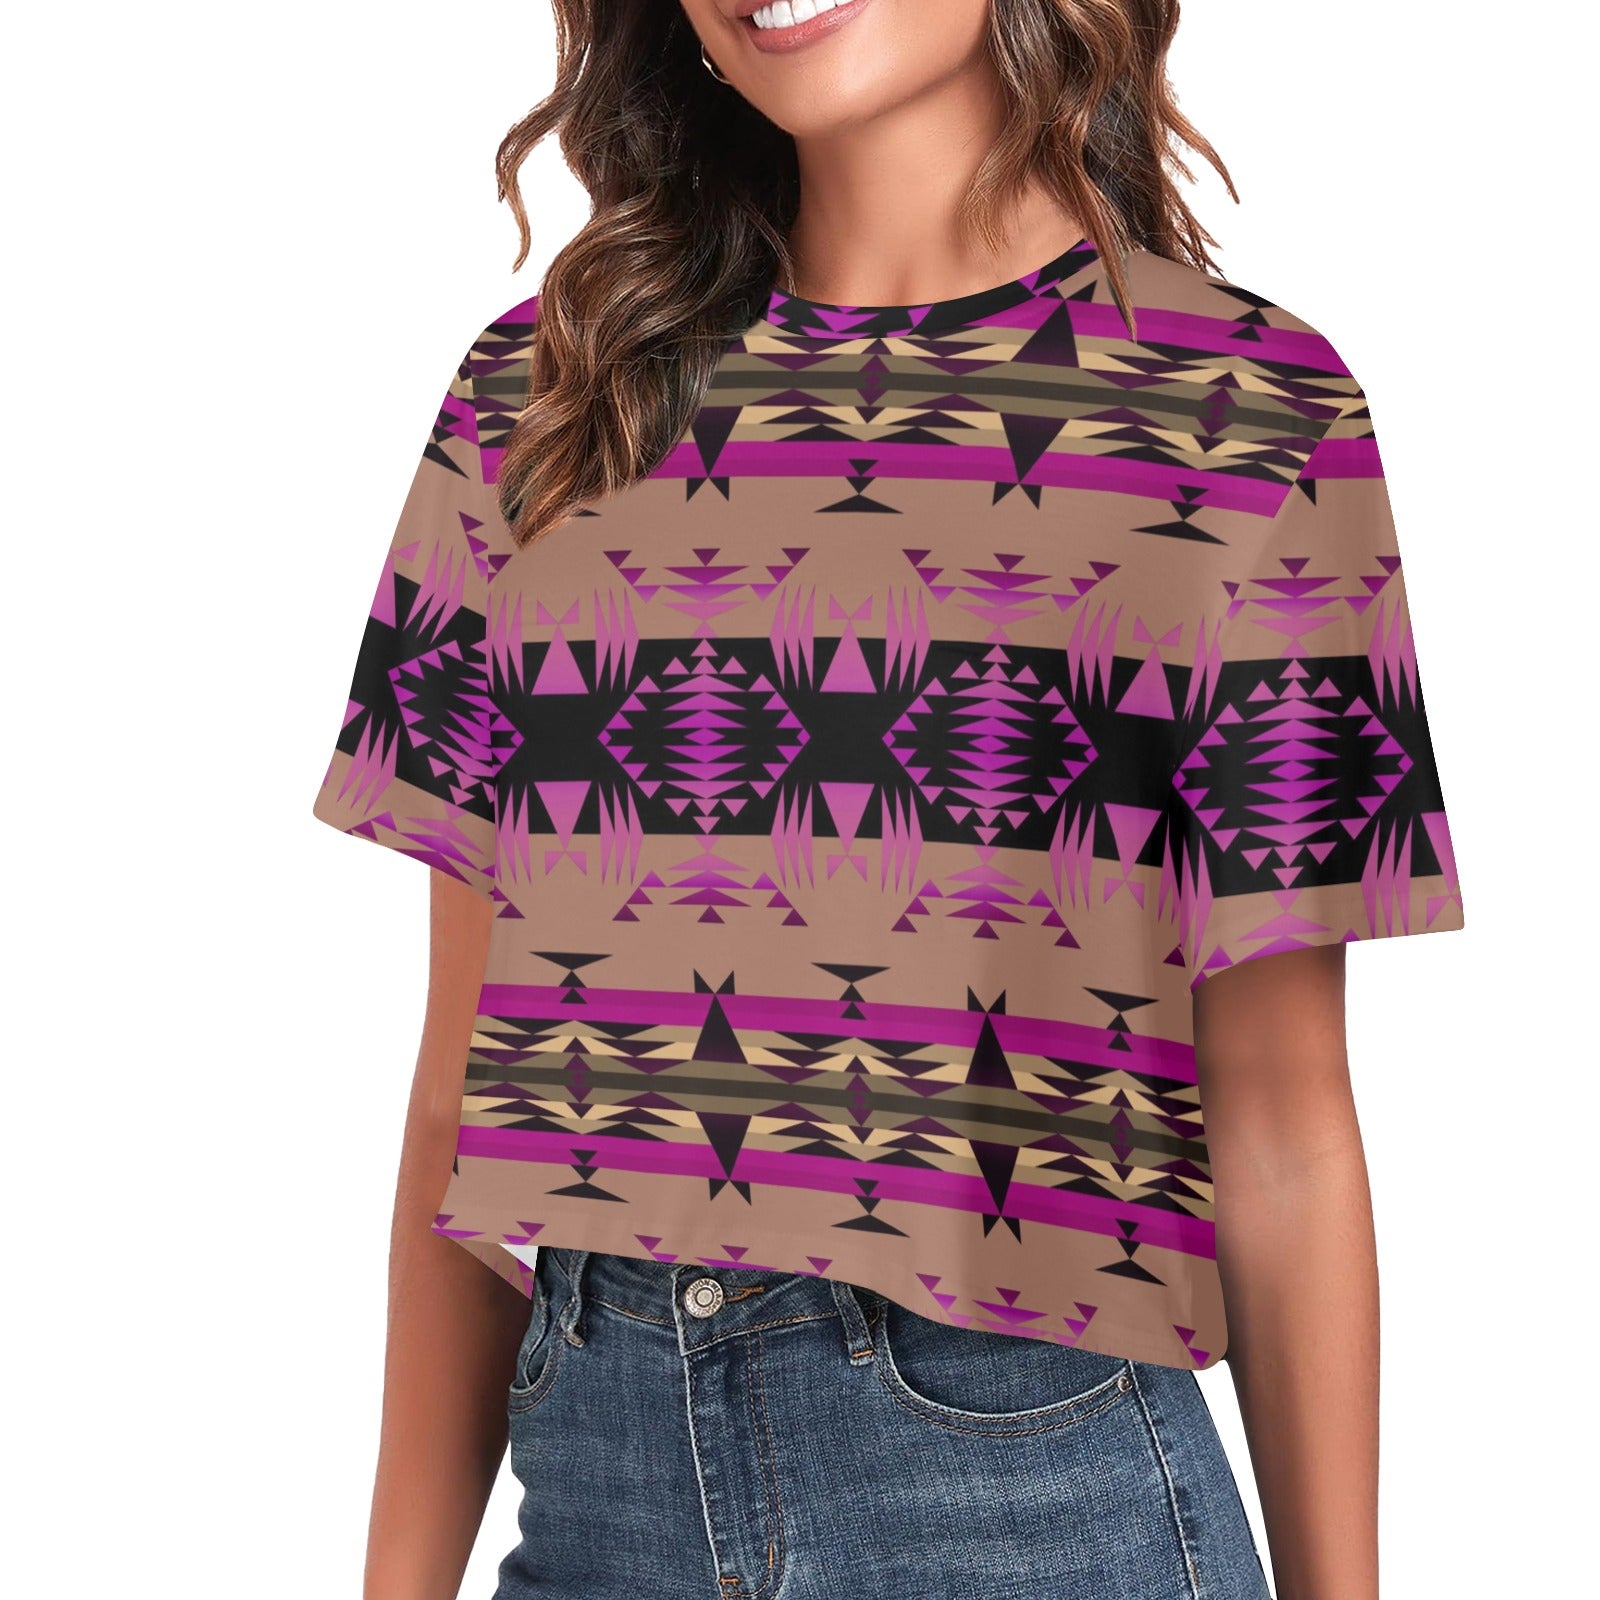 Between the Mountains Berry Women's Cropped T-shirt
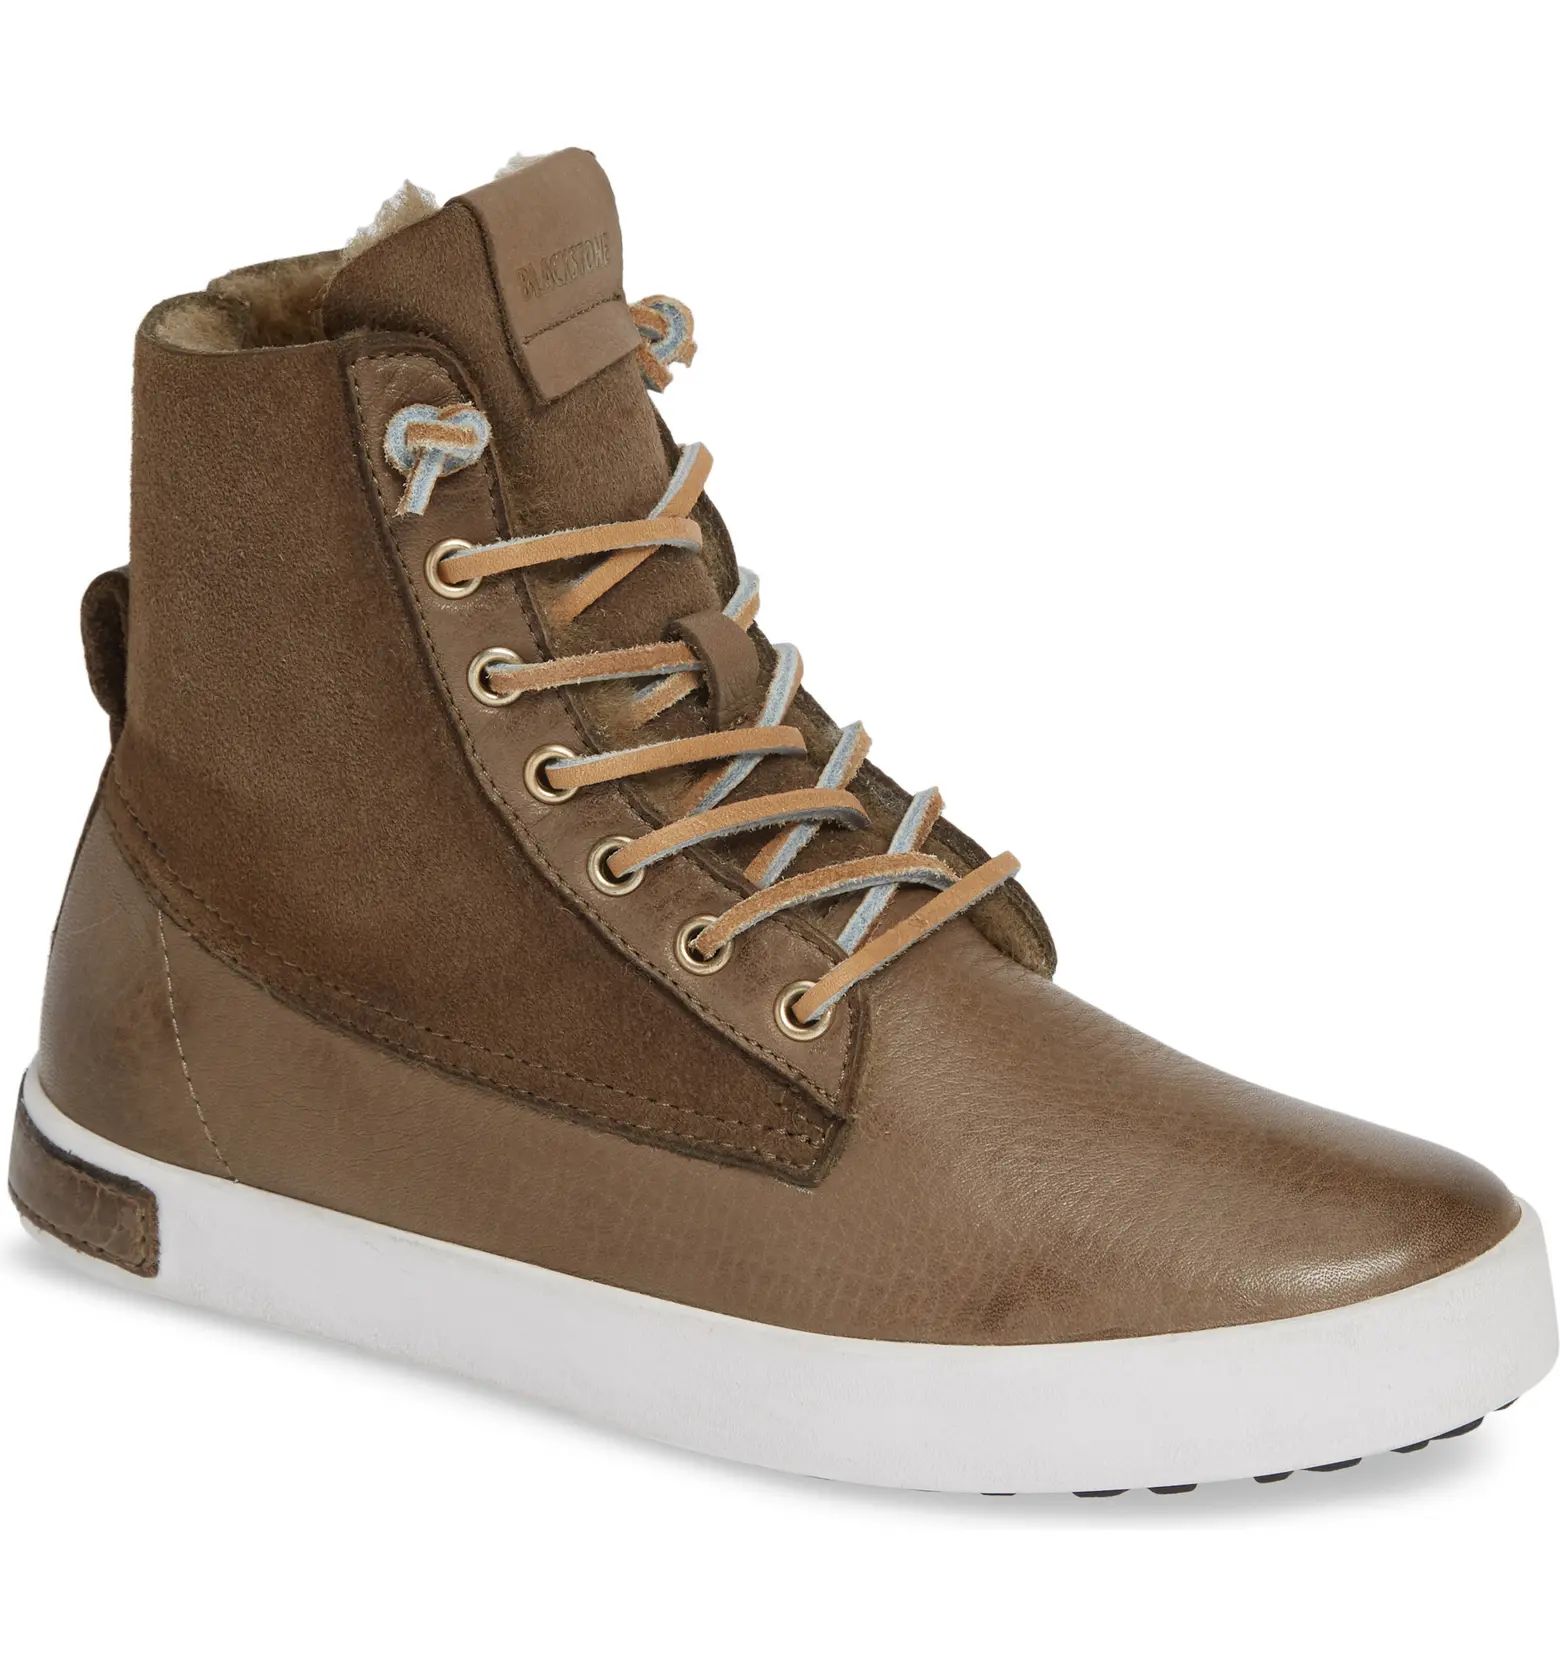 QL46 Genuine Shearling Lined Sneaker Boot | Nordstrom
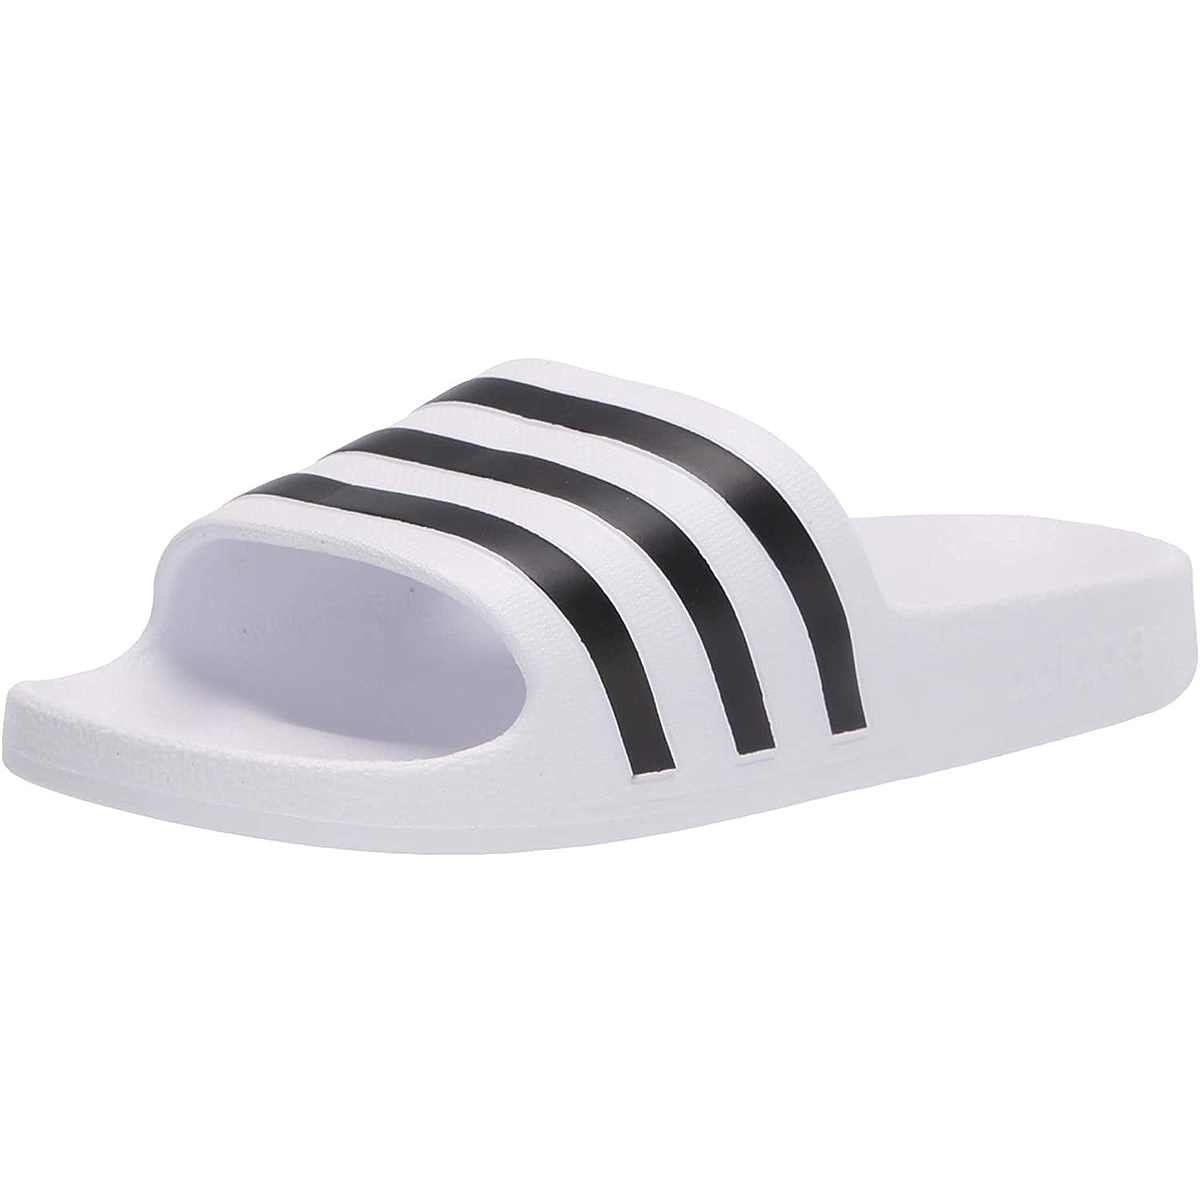 Authentic Quality Yeezy Slide Plain Off-White Couple Slides with

[Work instructions] Make an exact copy of all the material, but keep the pictures out of it.

[Problem solution]
 Between the Mountains Berry Women's Cropped T-shirt
 QL46 Genuine Shearling Lined Sneaker Boot | Nordstrom
 Authentic Quality Yeezy Slide Plain Off-White Couple Slides with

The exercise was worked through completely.